I has angst.
For various reasons I am far too lazy to type out on my phone, I am experiencing a great deal of angst. Normally I would be all mysterious and poetic and probably bust out some kind of obscure pop culture reference, but seriously? Fuck and shit and piss and maybe even fuck ass cunt fart nipple shit whore.
I feel really, really unattractive. Actually, it’s a little more than that – I feel pointless. Like, why bother. Dressing up, wearing make up, trying to look cute – what’s the point? It’s just me under there, after all, and no one cares.
So, yeah. Angst. Anyone want to have a pity party? I’ll be the one in the unwashed sweats.
Wait, I don’t own sweats. I need to go buy some sweats. Ugly ones, to match how I feel.
I care. *hugs* FWIW, I don’t think you’re pointless. :-)
I care, and I don’t think you’re pointless at all.
You are not unattractive or pointless. I only know you through the internet, but I’m pretty confident that you’re a pretty awesome, hilarious person.
You are really pretty and pointy and stuff. You drive the Rolls Royce of scooters. You’re the queen of bubbles, giggles and gratuitous expletives. If you really are depressed, you’re smart enough to know that the way you’re feeling is as much physical as mental or emotional and there’s a chance it’s mainly physical. Go see your doctor, give him a chance.
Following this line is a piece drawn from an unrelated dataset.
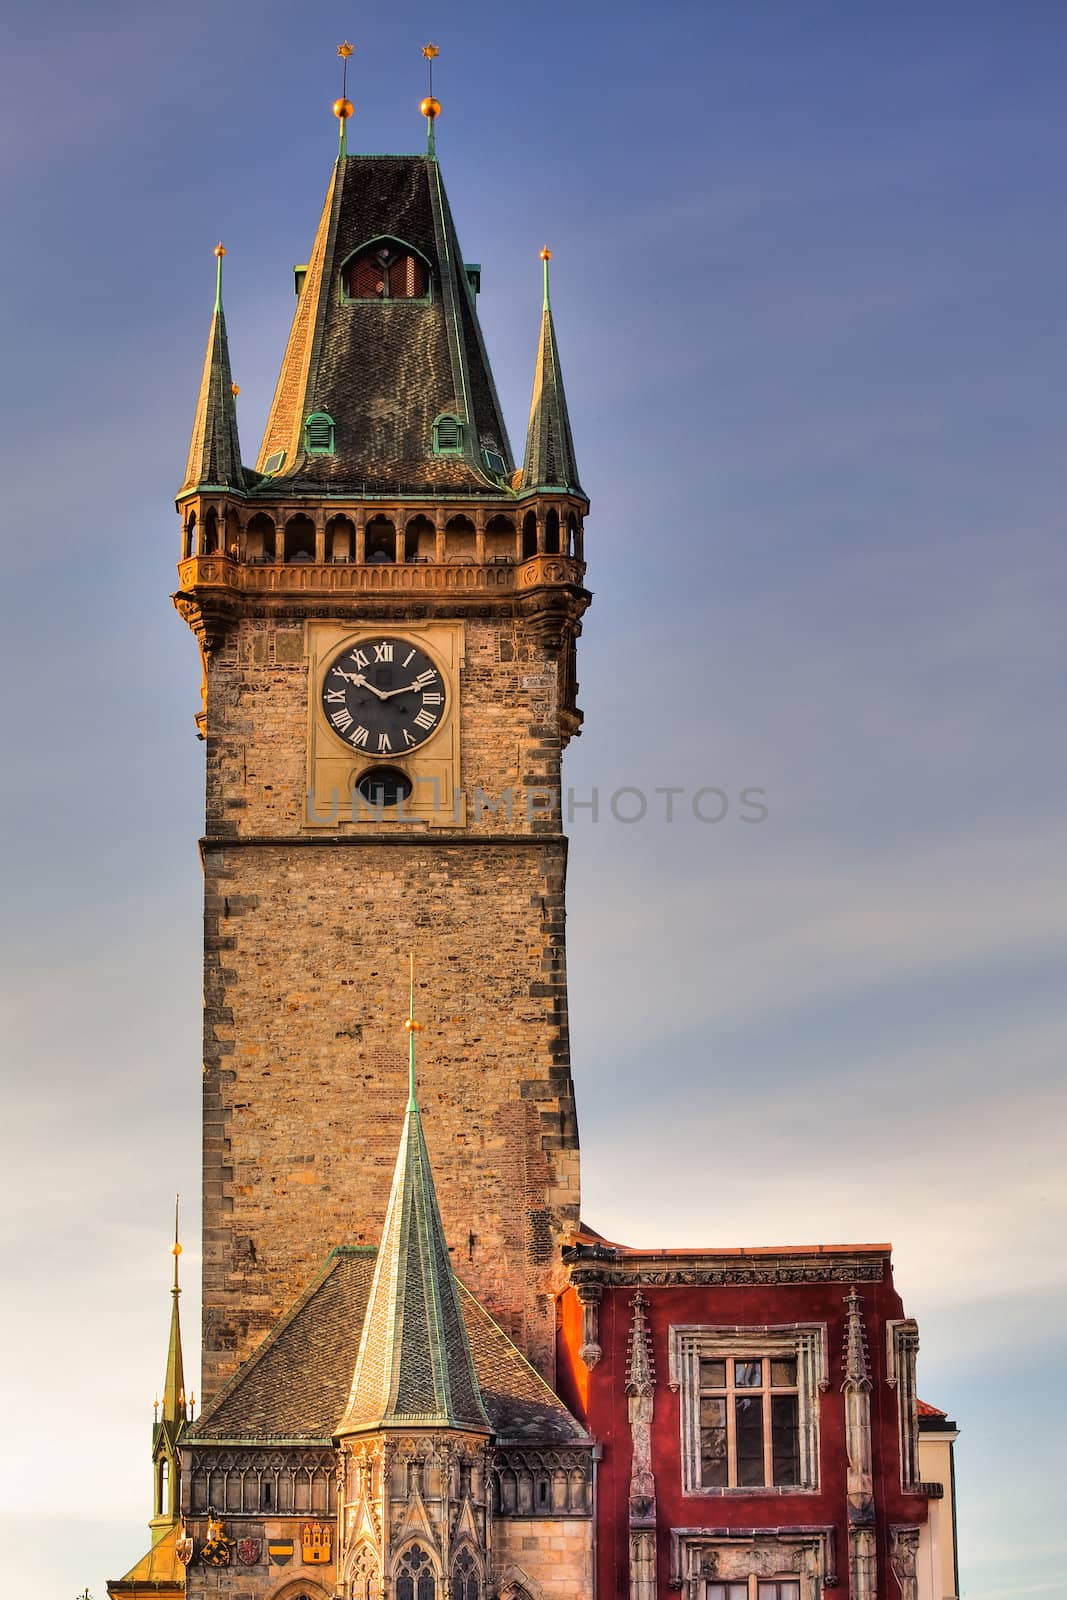 City hall at the Old Town Square, Prague, Czech Republic

If somebody bummed you out, remember, nobody can take more power from you than you’re willing to give up.
If someone has subjected you to a negative opinion pull a Garfield, say to yourself “and this affects me how?”
Seriously. You are loved by folks who’ve never met you; people who love you for who you are; people who feel elated when you’re happy, proud when you succeed, unhappy when you’re hurting.
Having to go all the way to Texas to collect it is the down-side I guess but there’s a hug here any time you need it.